The UAE’s business heart beat a little faster in November, as the country’s non-oil private sector surged with its strongest momentum in nearly a year. The latest PMI reading — a crisp 54.8 — sketched a picture of firms hustling, customers spending, and order books thickening like winter fog over the Gulf.
Companies across the Emirates found themselves riding a wave of fresh demand and lively sales pipelines, prompting them to crank up output and pull more chairs up to the payroll table. New business rolled in at the fastest clip since January, helped along by a market hungry for innovation and diversification.

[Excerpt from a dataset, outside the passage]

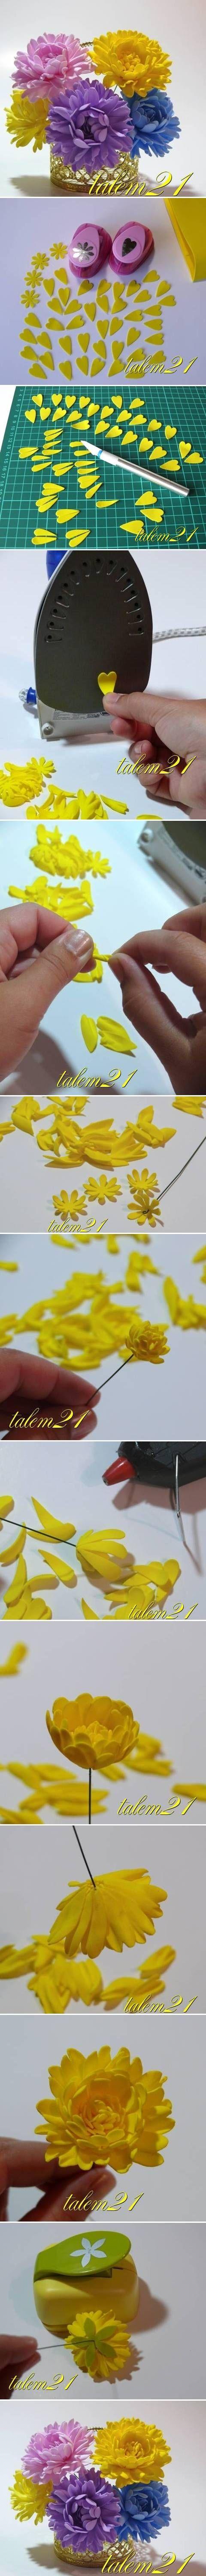 DIY Small Chrysanthemum Flower DIY Small Chrysanthemum Flower by diyforever

But the boom wasn’t without its bite. The cost side of the ledger tensed up, with input expenses climbing at their sharpest rate in over a year. Rising living costs and wage pressures nudged firms to pay more to keep talent anchored. Hiring still leapt to an 18-month high — but so did salary demands, tightening the squeeze on margins and hinting at inflationary clouds on the near horizon.
Even so, the mood among businesses tilted upward. Expectations for future activity improved, buoyed by strong sales pipelines and a climate that felt more tailwind than turbulence.
Dubai’s Pulse
The city’s own PMI held its line at 54.5, reflecting sturdy sales and smoother operating conditions. Hiring in Dubai picked up speed midway through the quarter, marking its fastest rise in 18 months — a sign that the city is keeping pace with the broader national surge.
In short, November wasn’t just warm on the thermometer — the UAE’s non-oil economy was running hot too.